To run this app on one’s laptop, you put the
allfits.Rdata files in a separate folder. To launch the app, open the
app.R file and press the Run App button in RStudio.
I have an additional file
fit_gam_models.R in the folder. This is a R function that I previously ran to collect the model fits. You don’t need to execute this function, but is included so one can see the syntax for the GAM model fits.
Try it Out
- The live version of the Shiny app https://bayesball.shinyapps.io/HomeRunLaunchVariables/ will be active for the remainder of the 2023 season.
- Using the Shiny app with the April data, it appears that the home run rates in 2023 are similar to that in the 2021 season.
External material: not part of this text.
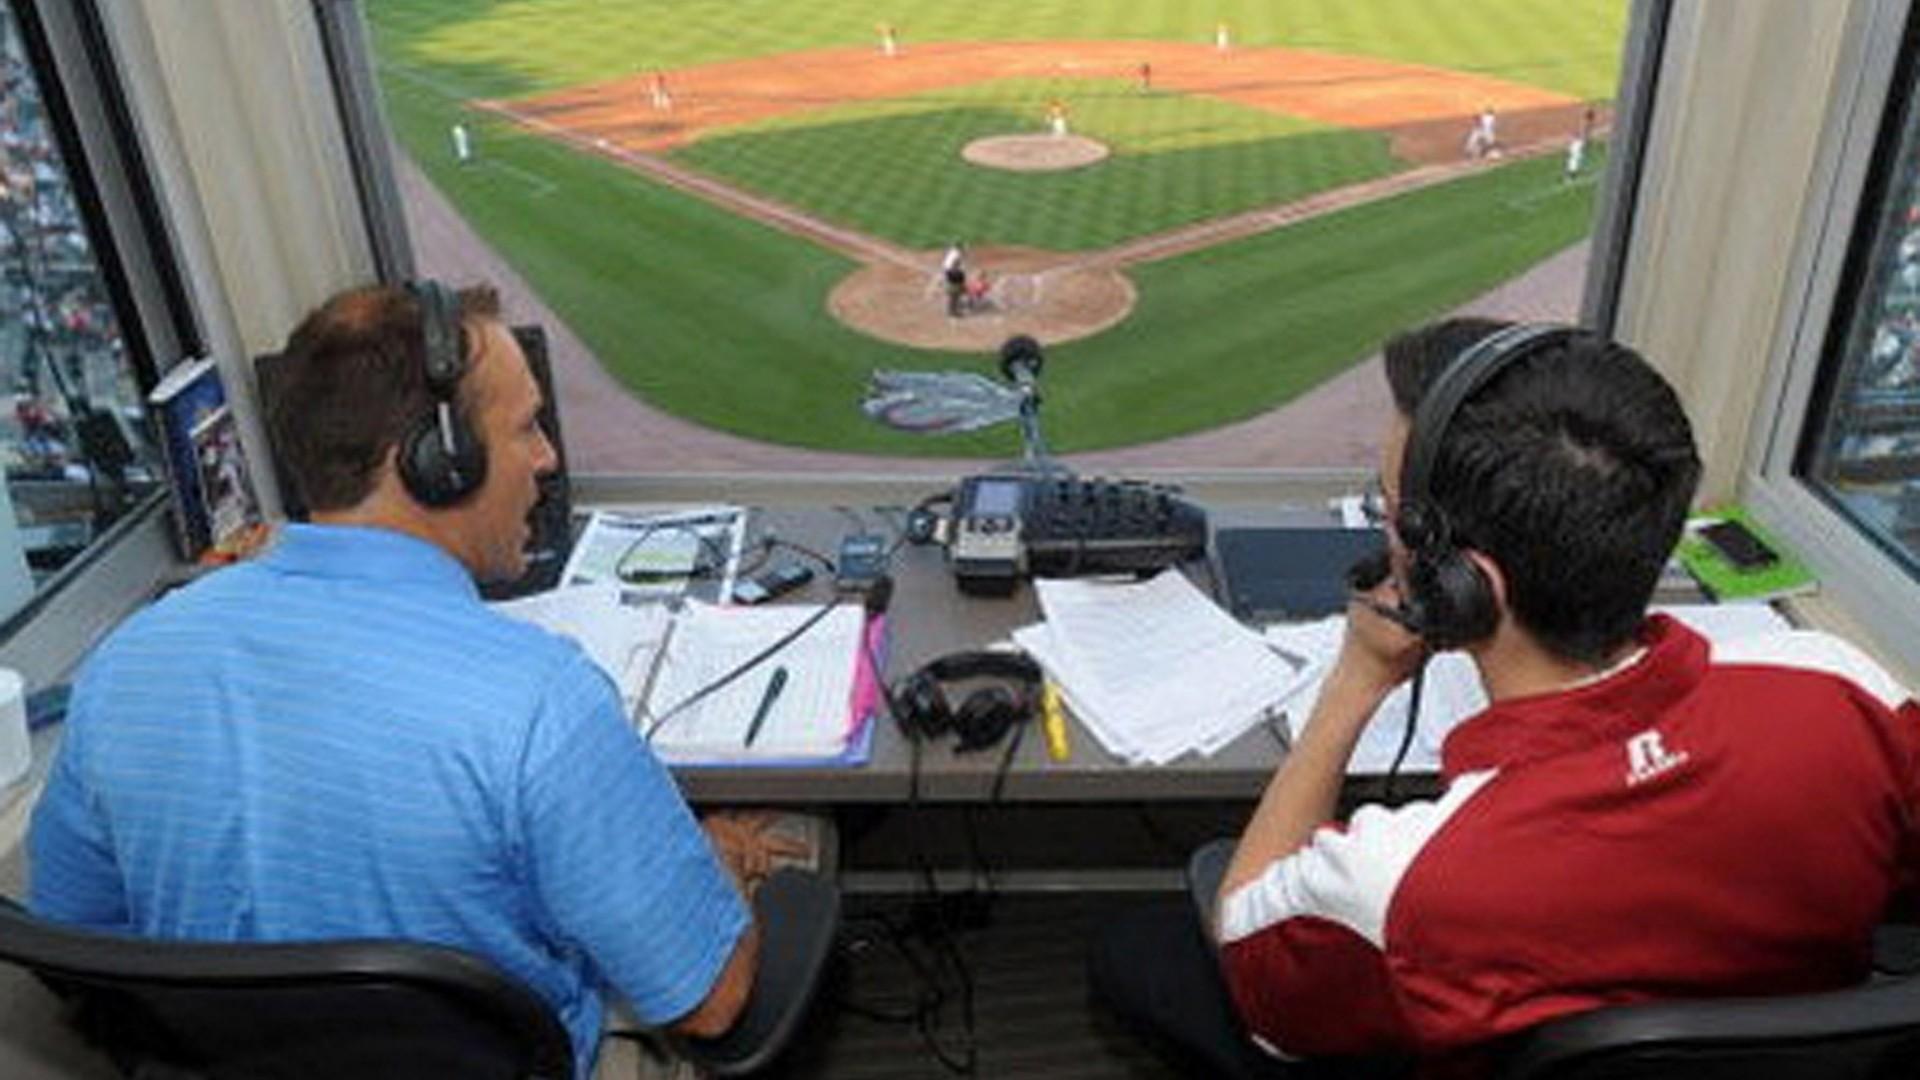 IronPigs' announcer Jon Schaeffer's last game - The Morning Call

At this point of time, I would predict a similar total home run count in 2023 as in 2021. I will continue to collect Statcast data as the current season progresses.
- This app is helpful for exploring temperature effects by changing the prediction month.
- By exploring the home run rates for and comparing these rates with predictions from model fits for future months, we can see if the 2023 rates remain similar to the 2021 rates.